Tamana (also Rotcher Island) is the smallest island in the Gilbert Islands. It is accessible both by boat and by air with Air Kiribati and Coral Sun Airways (once a week; Tamana Airport code: TMN). 1,054 people live in Tamana (2020 census).

Tamana is the second southernmost island in the Gilbert group and the smallest inhabited island in Kiribati. The island is approximately 6 km in length, 1 km at its widest point, and has a total land area of 4.73 km2. Tamana is a reef island with no lagoon.

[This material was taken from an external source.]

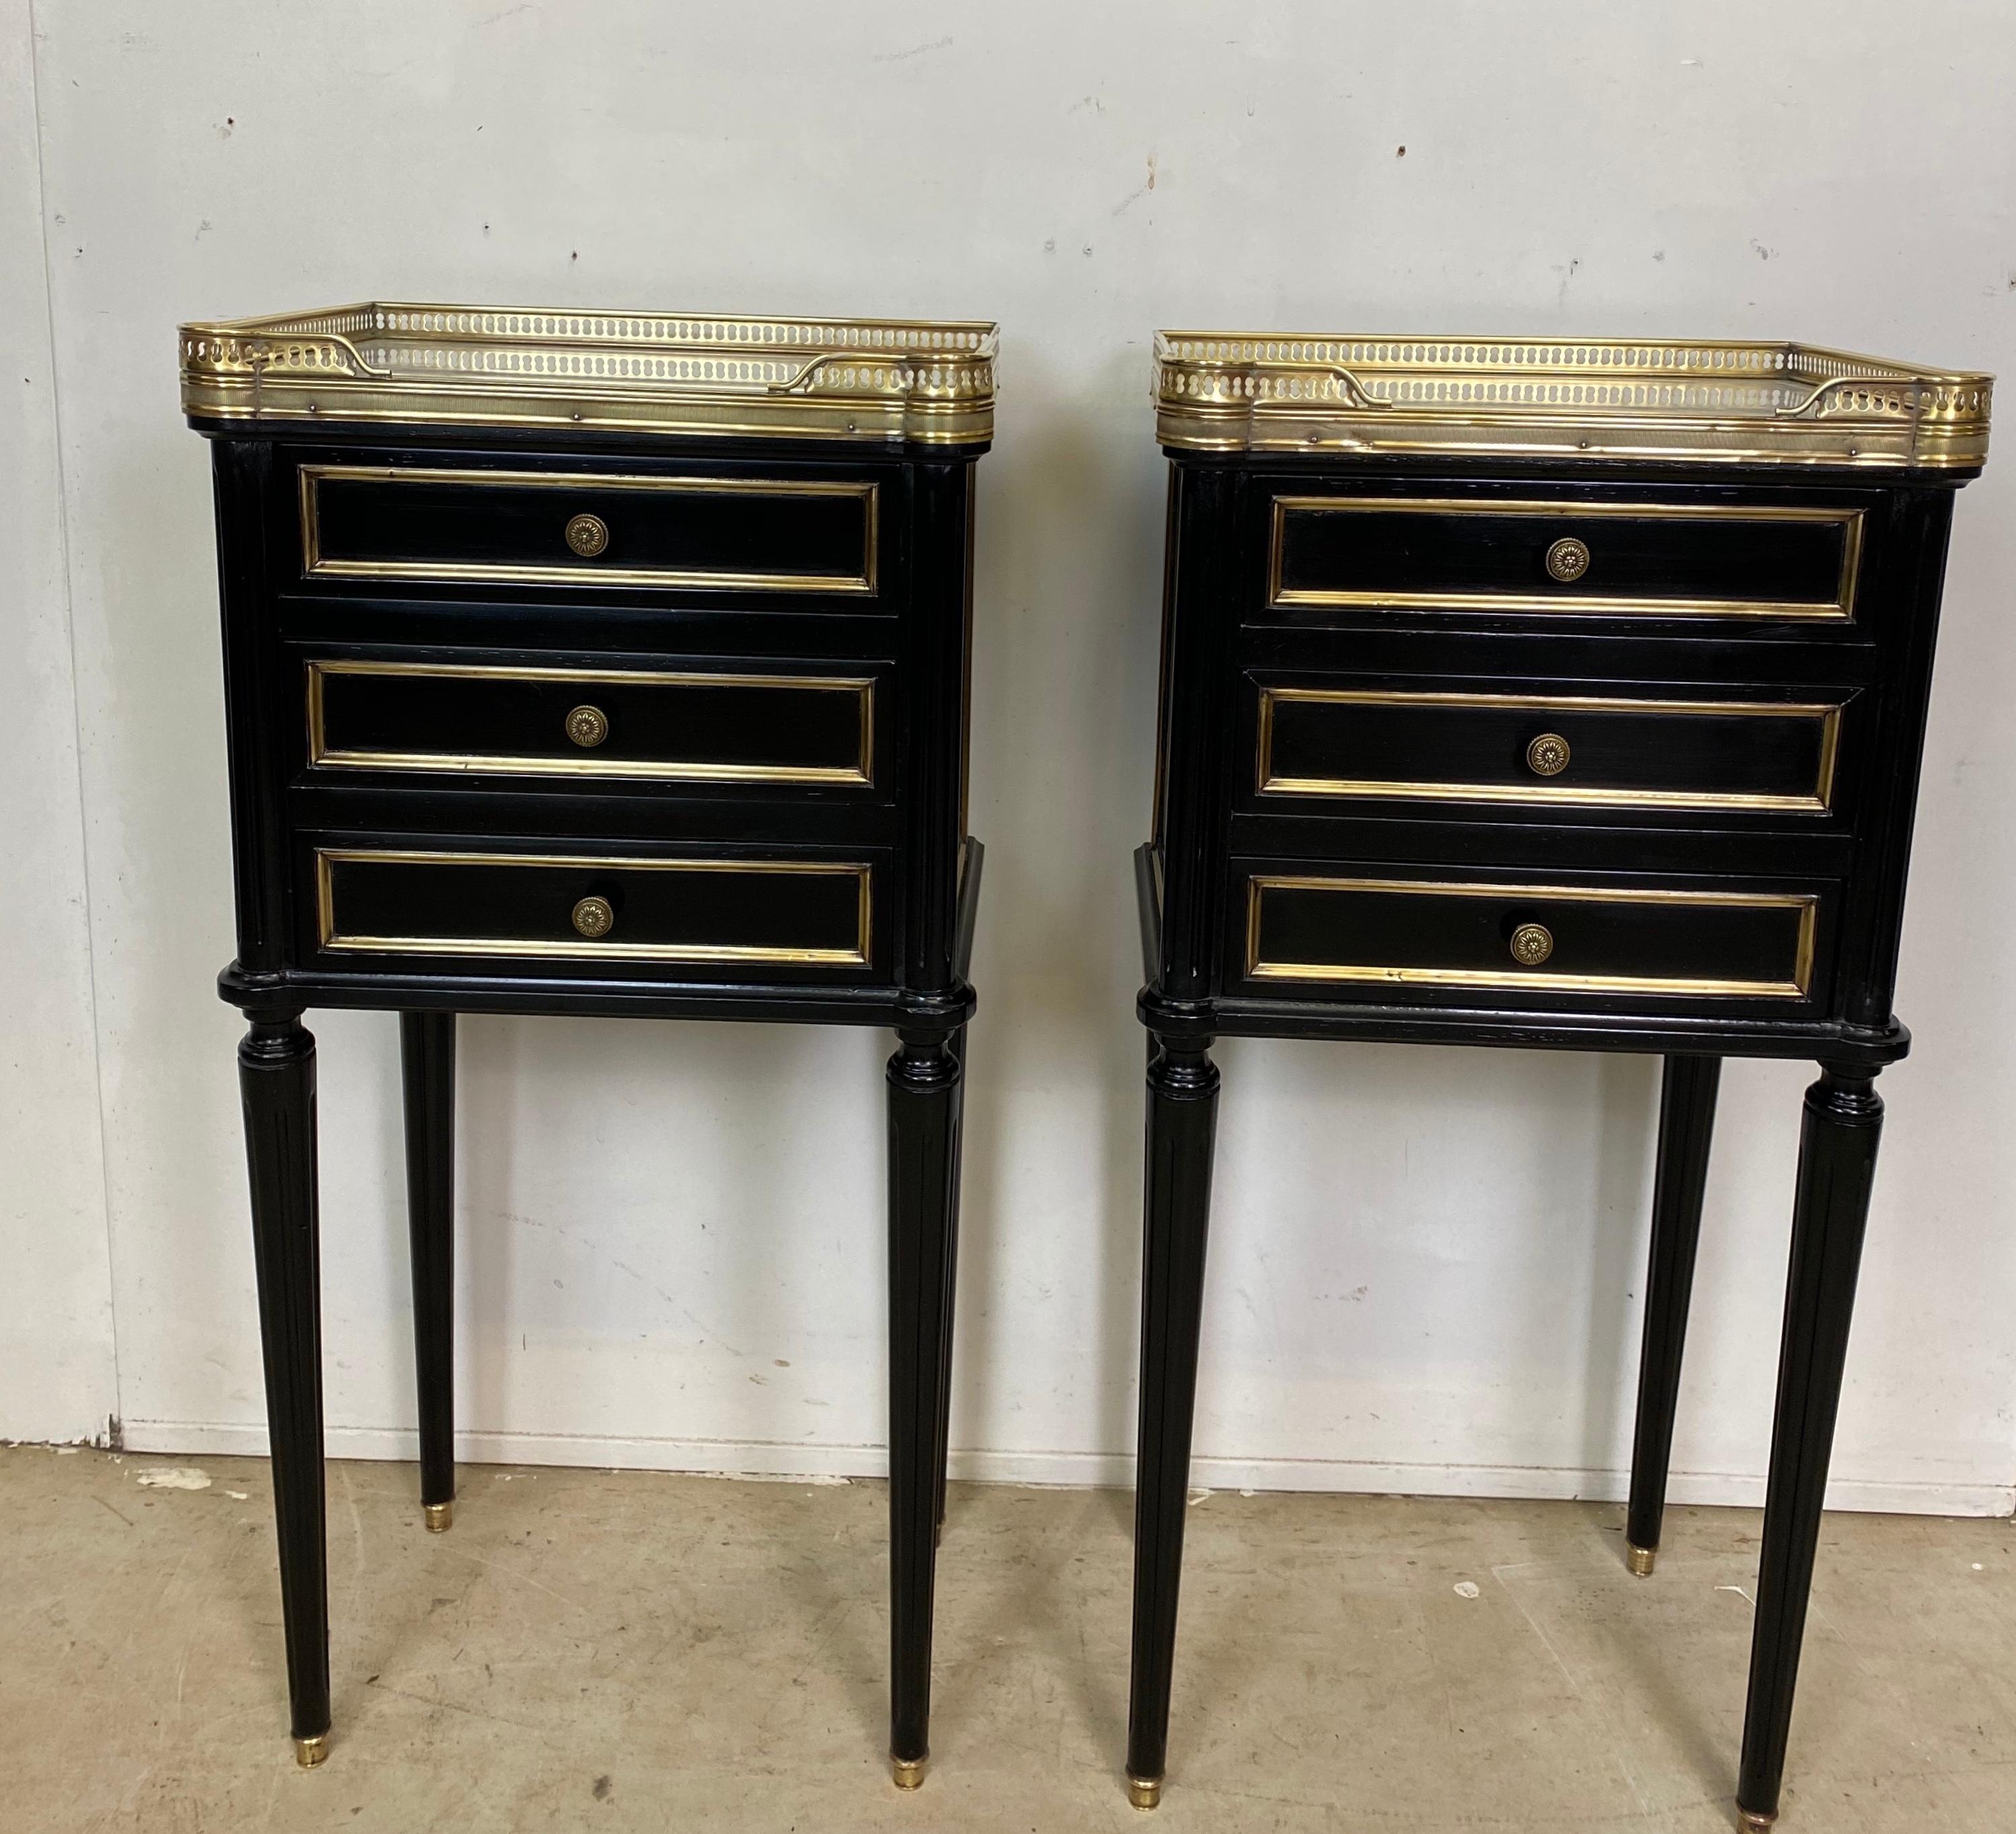 A nicely proportioned pair of French Empire ebonized nightstands. All in excellent condition.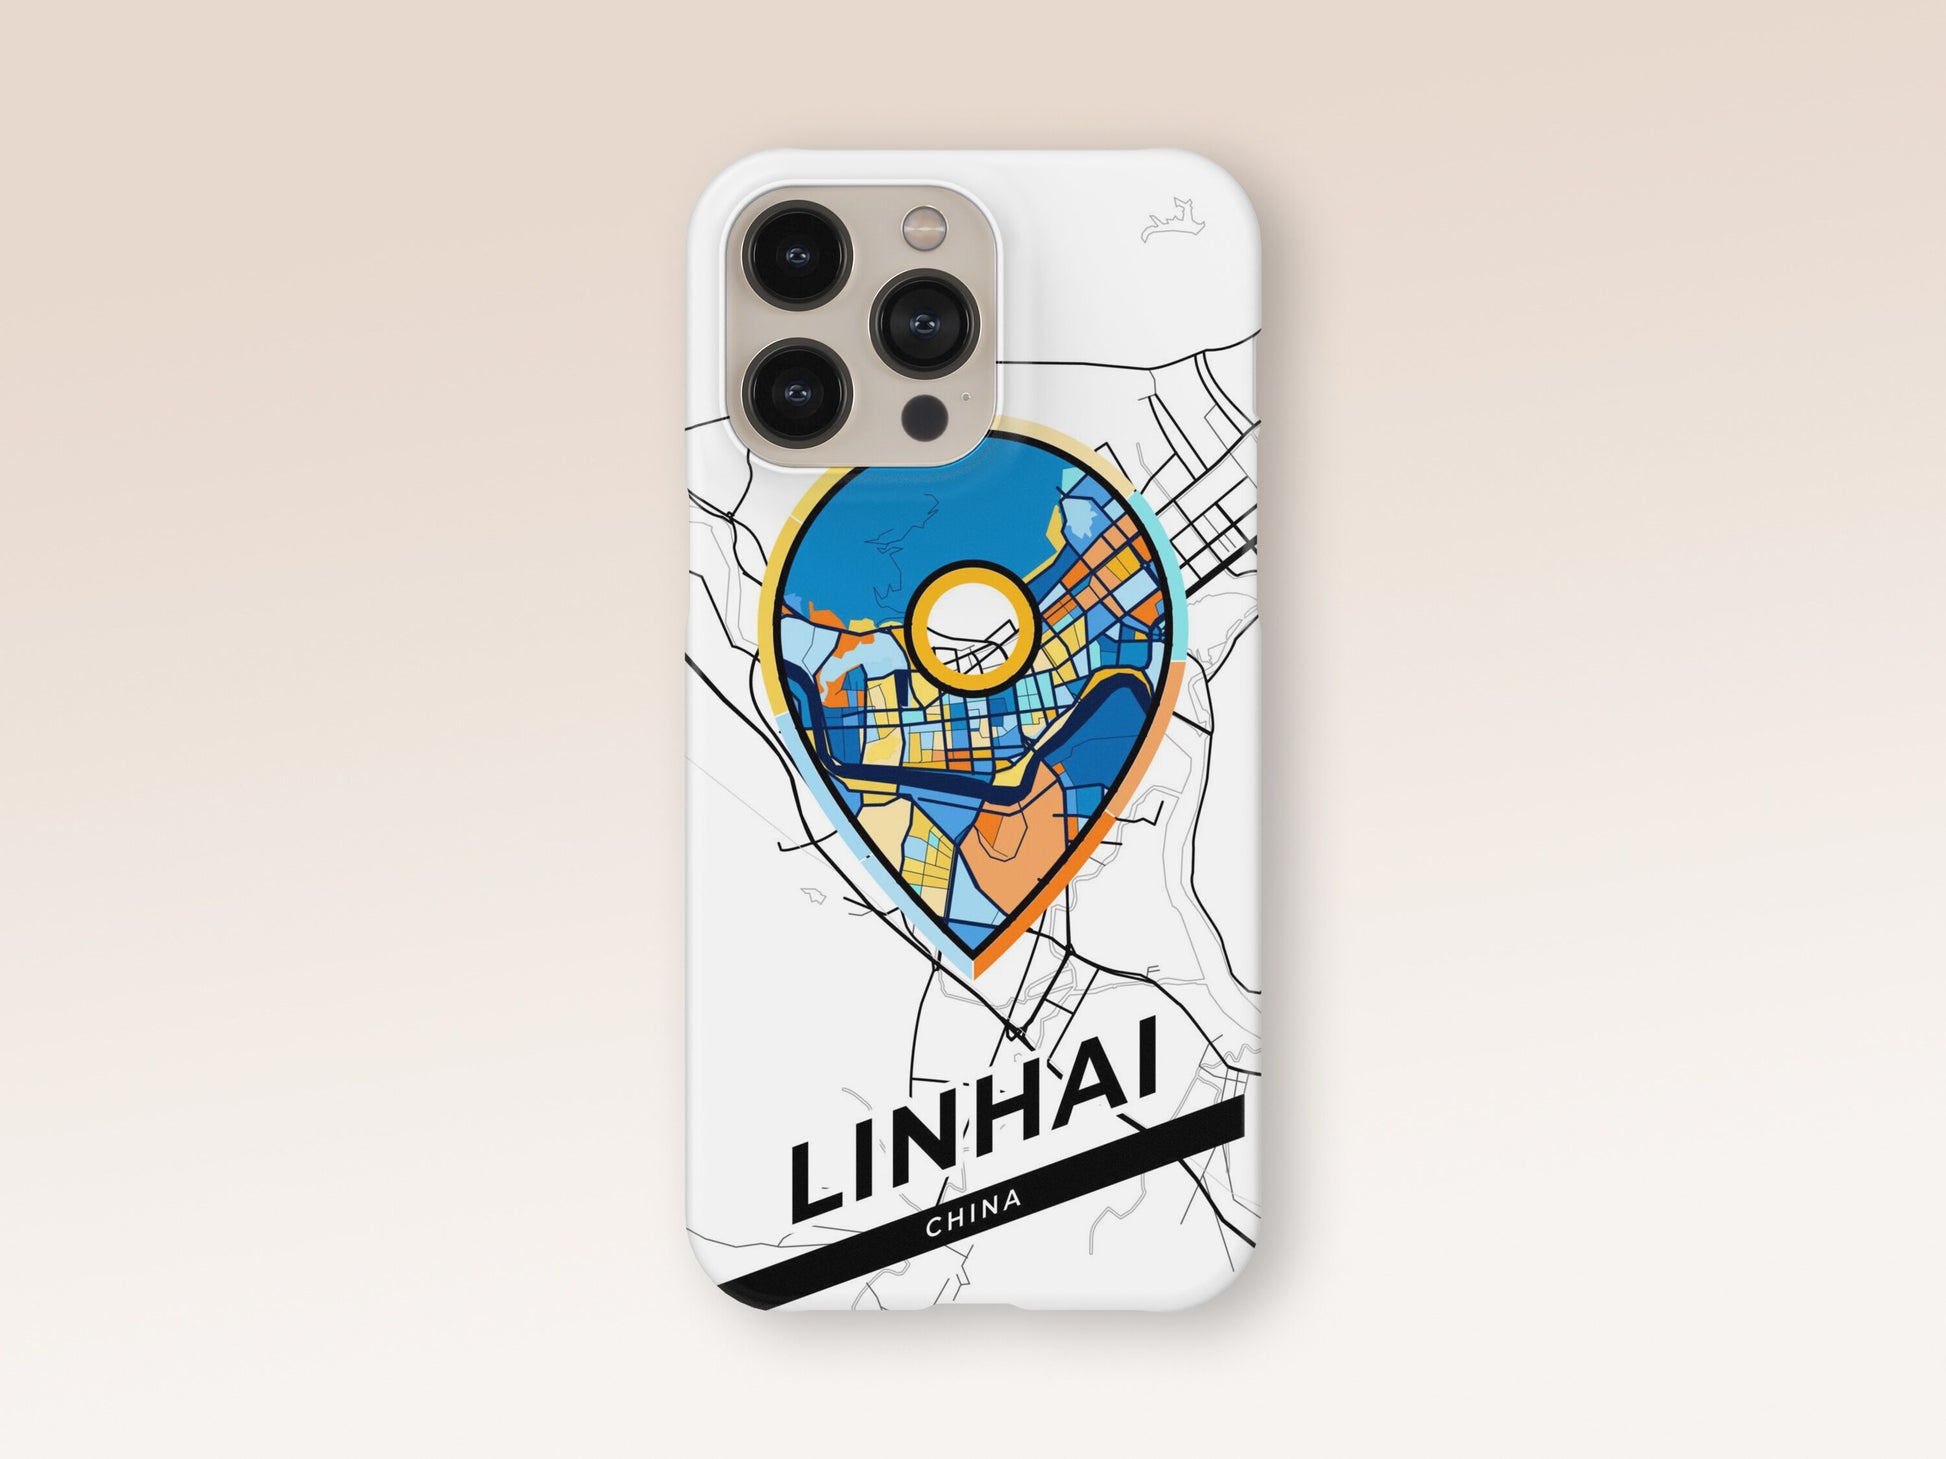 Linhai China slim phone case with colorful icon. Birthday, wedding or housewarming gift. Couple match cases. 1

The Island Council is located at Bakaakaa, the central village of the island and this is also where the rest of the Government facilities are located such as the CB radio for inter-island communication, the hardware store, and the fuel depot. The schools (Primary and JSS) and the Medical facilities are also located in the same village.

==Myths and legends==
The name Tamana is understood to mean 'his/her father'; although in some myths it is understood to mean ‘a stronghold or strong place, or original settlement’.

==History==
In 1606, Spanish explorers became the first Europeans to discover the island.

Tamana in September 1942 was the southernmost island touched by the Japanese occupation of the Gilbert Islands but Japanese troops did not occupy the atoll.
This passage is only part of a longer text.